1. INTRODUCTIONThe present paper is devoted to the problem of measuring and modelling changes in the human motor functions, during learning new motor activities. Nowadays majority of the results achieved in human motion analysis and gesture recognition is focused on extracting and analysing certain features of the motion [1]. While feature extraction and pattern recognition techniques give precise and robust results, they do not always answer all the needs of academic research. To the best knowledge of the authors, there is no commonly used and widely accepted technique to measure the state of the human movement patterns. This leads to the main goal of the present contribution, namely, to measure numerically the state of the human motor functions. Ability to measure state of the human motor functions would allow to apply a rich variety of mathematical methods to model the learning process which in turn will provide novel opportunities for the computer aided training.
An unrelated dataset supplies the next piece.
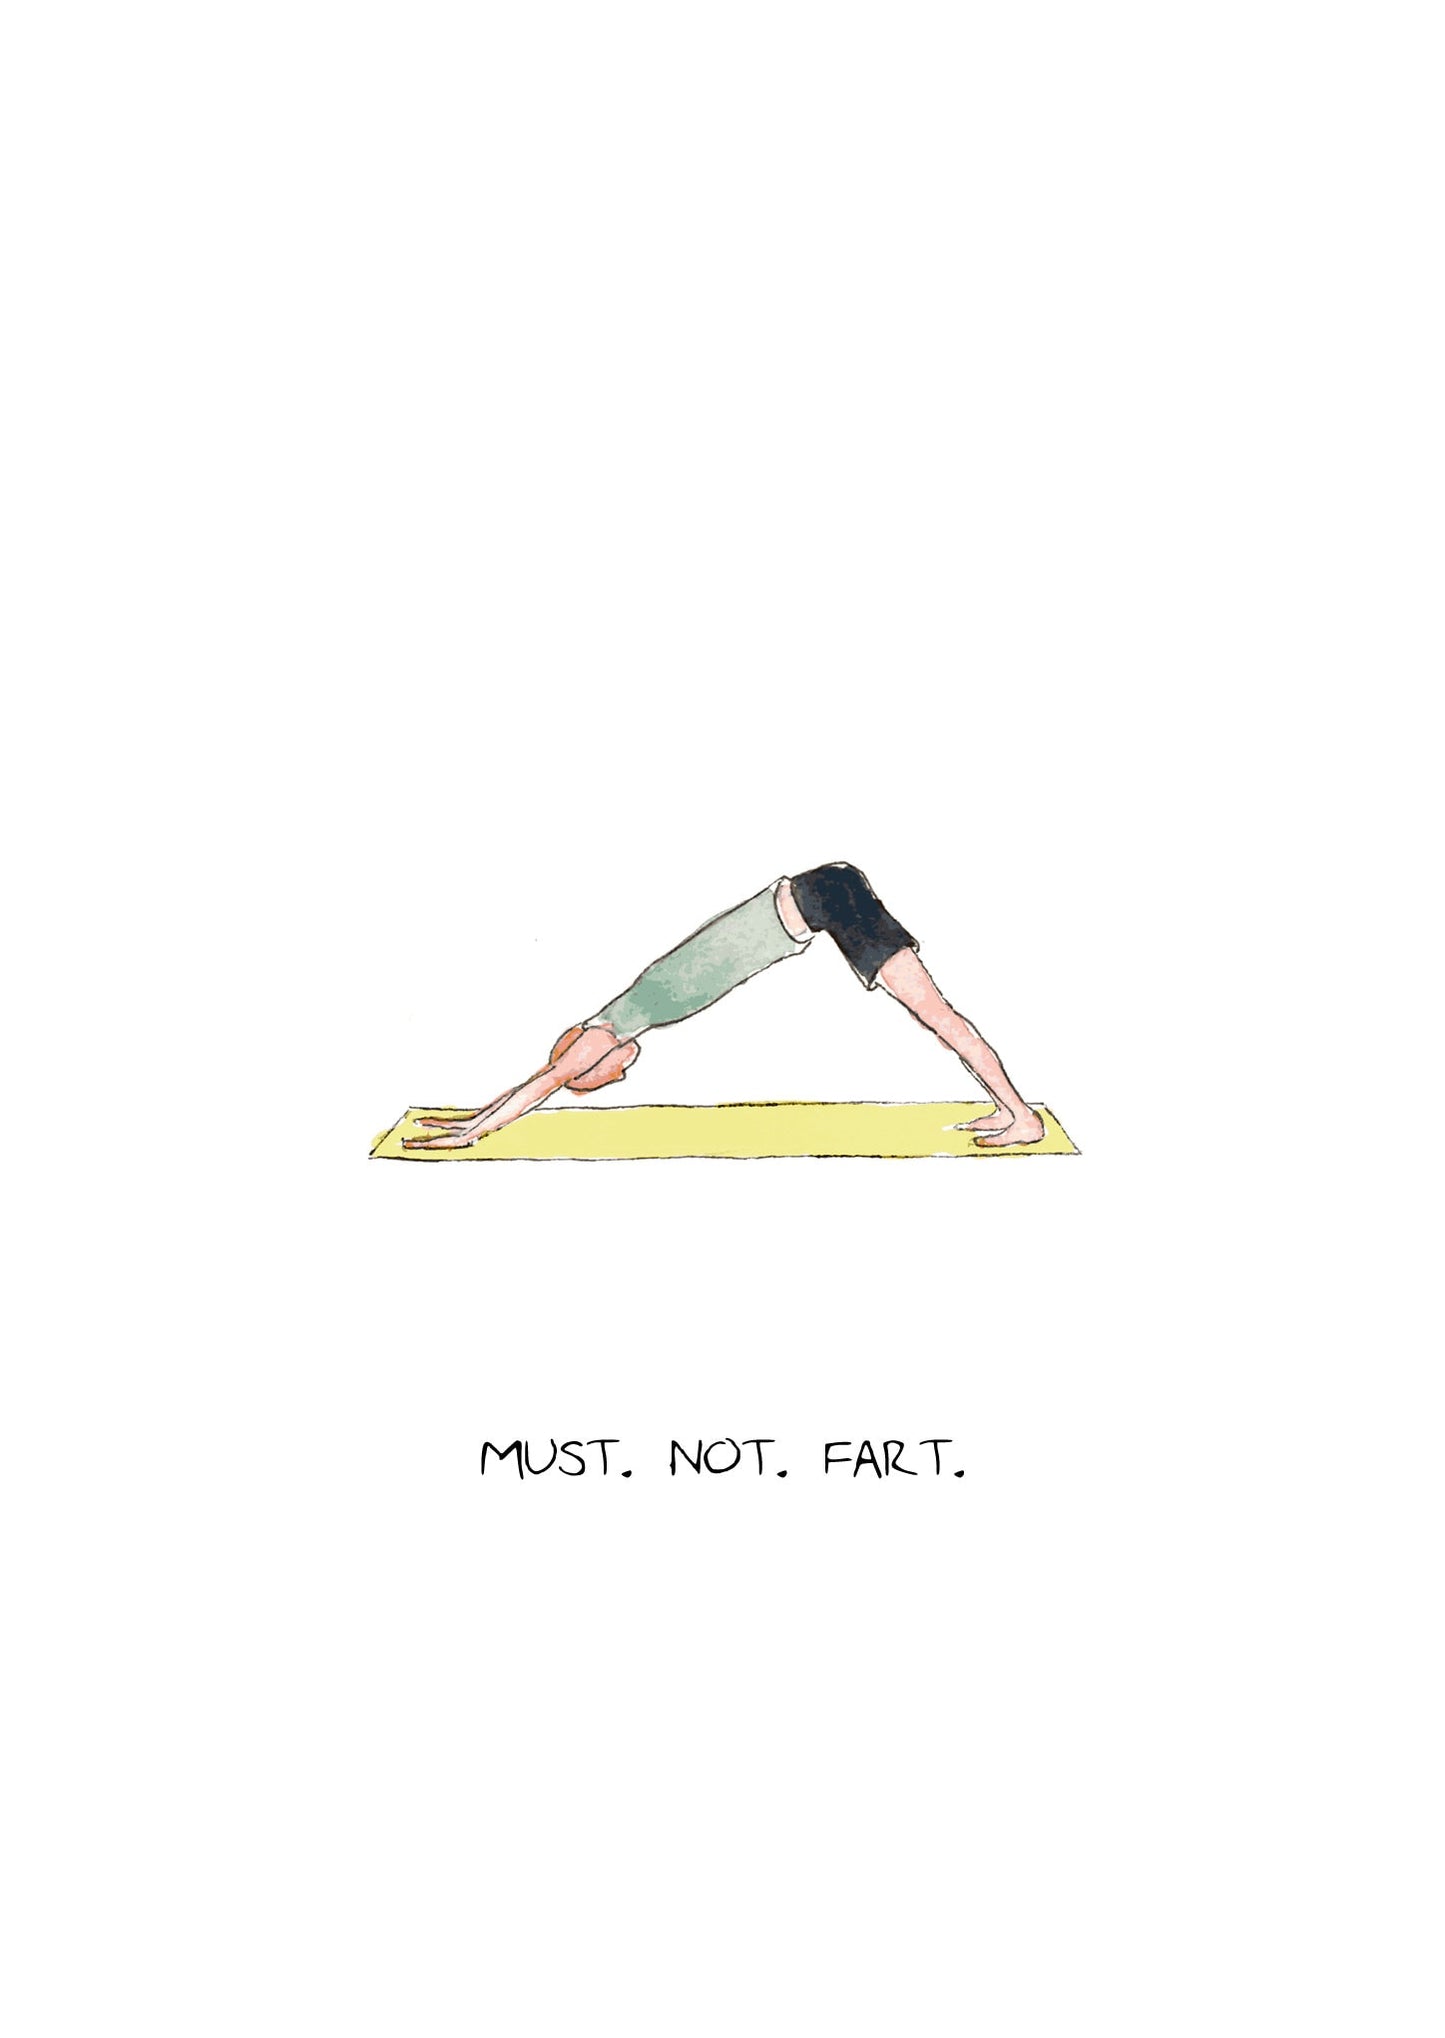 Yoga Fart
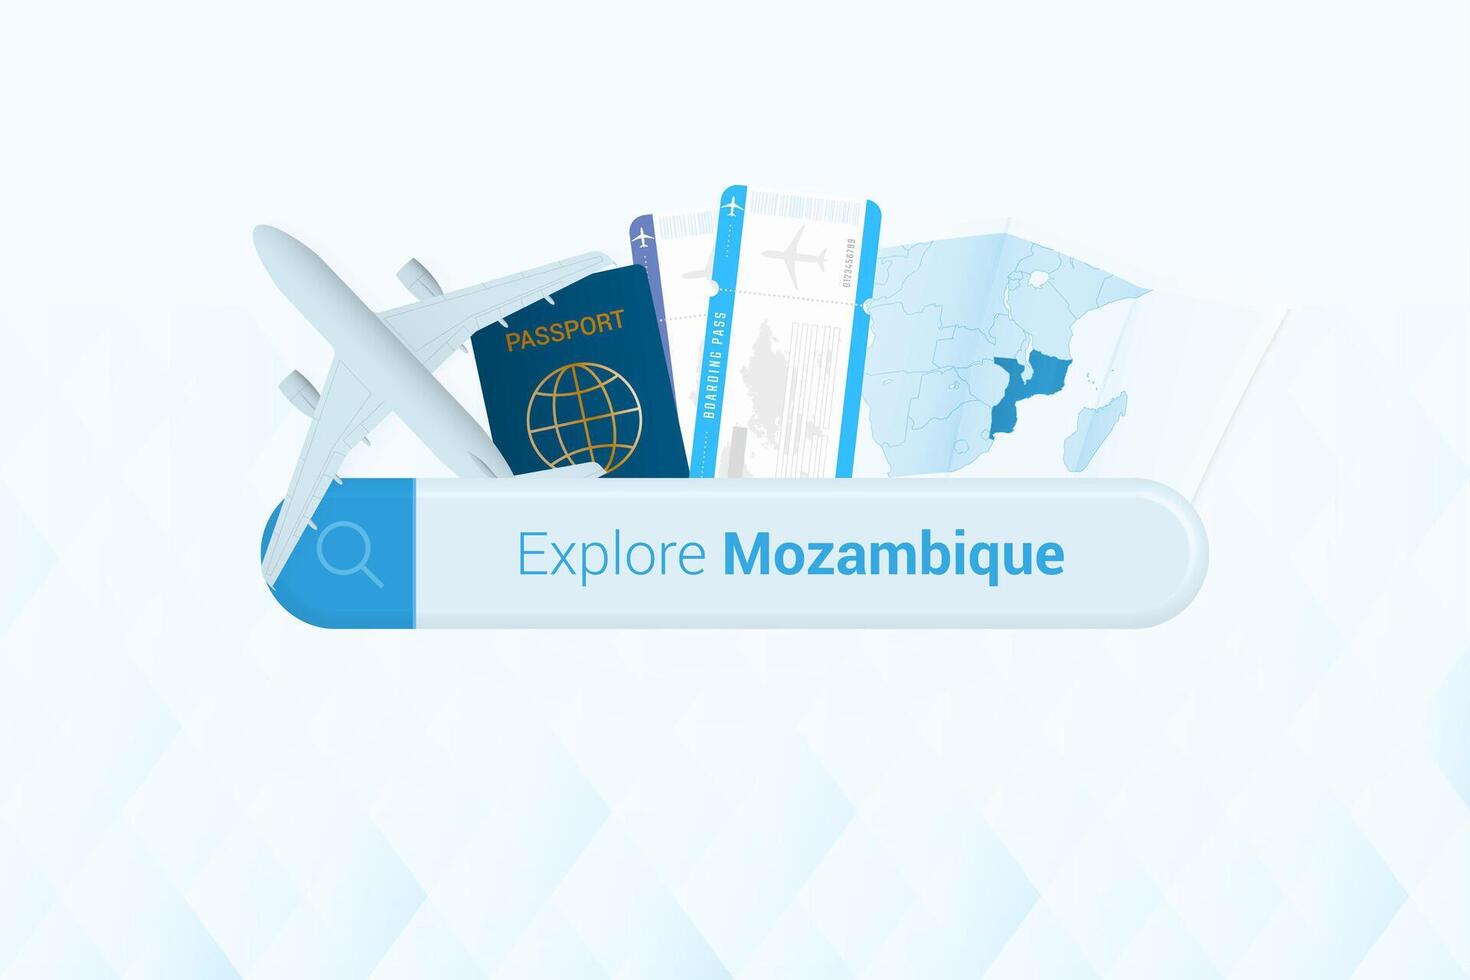 suchen Tickets zu Mozambique oder Reise Ziel im Mosambik. suchen Bar mit Flugzeug, Reisepass, Einsteigen passieren, Tickets und Karte. vektor

For this purpose the notion "motion mass" is introduced. It describes the amount and smoothness of the human limb movements during a certain period of time.

The paper is organized as follows. The process of new motor activity planning is described in Section 2. The notion "motion mass" is formally introduced in Section 3. Application of the motion mass parameters to describe and model the changes in motor functions are explained in Section 4. Advantages and disadvantages of the proposed approach are discussed in Section 5. Conclusions and future plans are outlined in the last section.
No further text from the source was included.